In this brief review, we examine two recent actions by the FDA, a proposed rule regarding a color additive used in vegetarian burgers and a decision not to recall fish with high levels of scombrotoxin. We evaluated the FDA’s description of the criteria used to determine which outcomes should be considered adverse.


We describe three reasons why the FDA’s criteria for “adverse effects” is not public health protective. These include an unscientific requirement for a monotonic dose response, which conflates hazard assessment and dose response assessment while also ignoring evidence for non-linear and non-monotonic effects for many environmental agents; a requirement that the effect be observed in both sexes, which fails to acknowledge the many sex- and gender-specific effects on physiology, disease incidence and severity, and anatomy; and a requirement that the effects are irreversible, which does not acknowledge the role of exposure timing or appreciate transgenerational effects that have been demonstrated for environmental chemicals.
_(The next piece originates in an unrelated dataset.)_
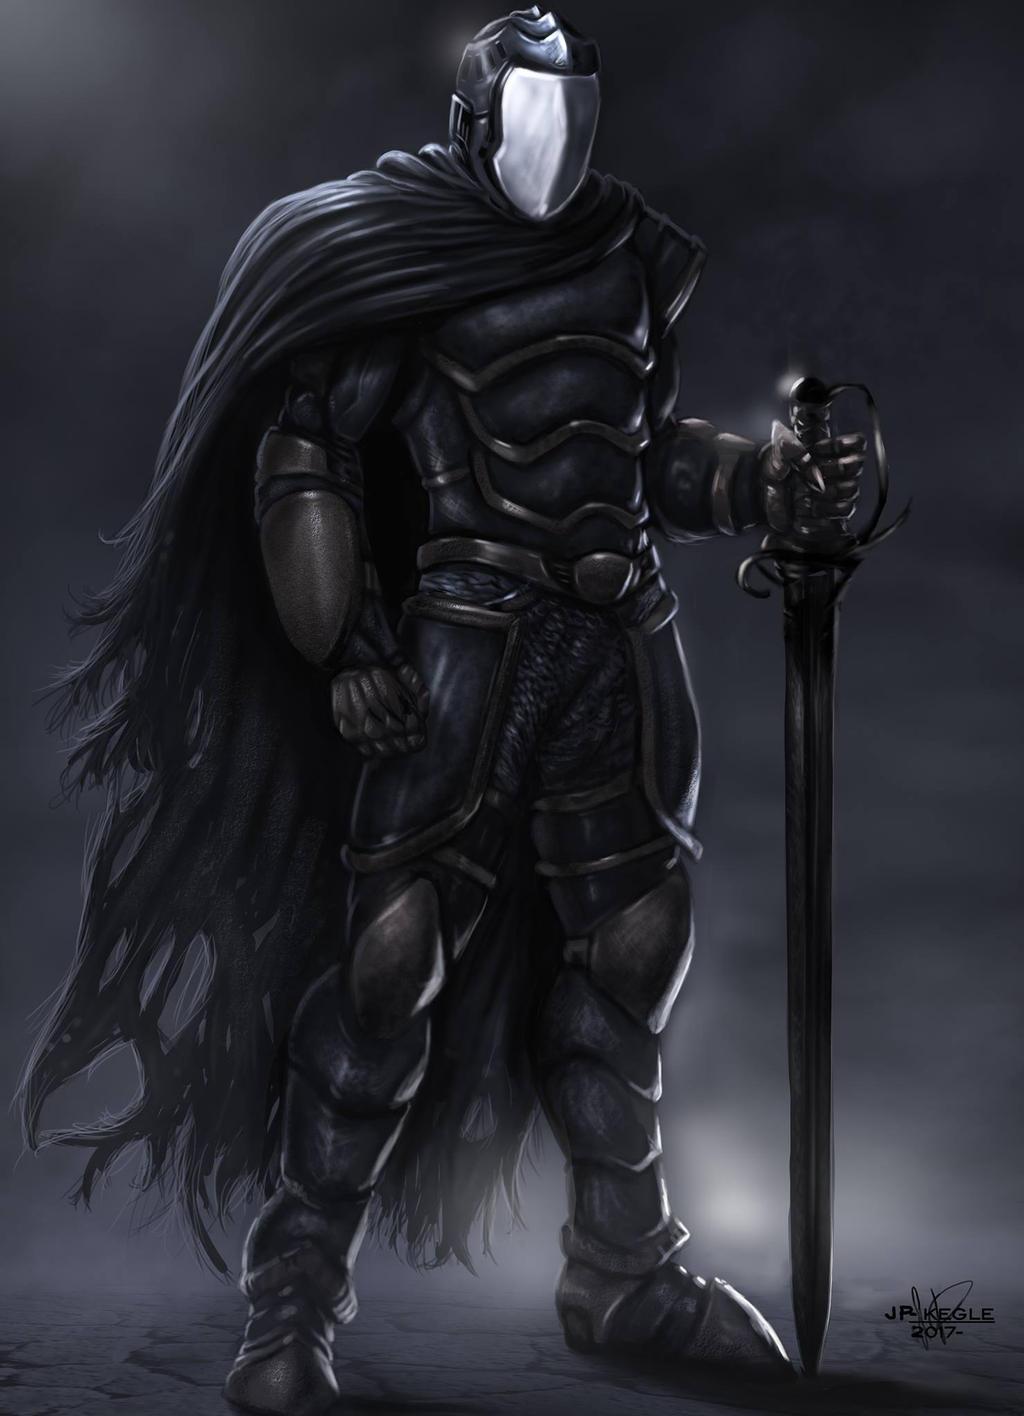 The Shadow Knight by JPKegle

The FDA’s criteria for identifying adverse effects are inadequate because they are not science-based. Addressing this is important, because the acknowledgement of adverse effects is central to regulatory decisions and the protection of public health.

Peer Review reports

The US Food and Drug Administration (FDA) is charged with protecting the safety of the nation's foods [1] from pathogens, such as E. coli, as well as from chemicals used in the production of food and food packaging. Both chemicals and pathogens can cause adverse health effects, but the specific adverse effects of their exposures are very different. For example, the US Centers for Disease Control and Prevention (CDC) estimates that 48 million Americans will become ill each year from pathogens and “unspecified agents” causing acute foodborne illnesses [2]; of these, 3,000 people (about 0.1% of the American population) will die. In contrast, greater than 95% of Americans (hundreds of millions of people) are exposed every day to chemicals found in food, and exposures to these chemicals have been shown to increase the risk of chronic, rather than acute, health effects [3].

An agent has the potential to produce an adverse effect by virtue of its fundamental properties (e.g., it may be a carcinogen, a developmental toxicant, etc.). Thus, a central feature of “risk assessment” is the identification of an “adverse effect” caused by the hazard, and the “potency” of the hazard on that adverse effect. The adverse effect is a health “endpoint”, or measurement of something that a regulatory agency would consider to be important enough to regulate a chemical or pathogen to protect human health. For some pathogens, like specific strains of E. coli that cause death, the adverse effects of exposure are relatively straightforward. For other hazards, like chemicals such as phthalates or perfluoroalkyl and polyfluoroalkyl substances (PFAS) that are commonly found in food and food packaging [4, 5], exposures have been associated with increased incidence of various chronic diseases (or biomarkers of disease) [6,7,8]; in these cases, determining which measurable endpoints affected by environmental exposures are “adverse” is less simple [9, 10] but remains critical.

Until recently, the FDA has not provided an objective, transparent explanation of what the agency considers an “adverse effect”[11]. This is important because an observed effect must be considered adverse for it to be used in a regulatory decision; in other words, if there is no adverse effect, no risk is anticipated and no action will be taken by a regulatory agency. The opacity of what the FDA considers an adverse effect makes it difficult for the consuming public to know whether any risk assessment is sufficient to protect public health. In addition, identification of the most sensitive adverse effect is critical for public health protection [10]. For example, if an agent causes death at one dose, but contributes to the incidence of type 2 diabetes at a million-fold lower dose, it is not public health protective to regulate on the basis of the exposure that causes death.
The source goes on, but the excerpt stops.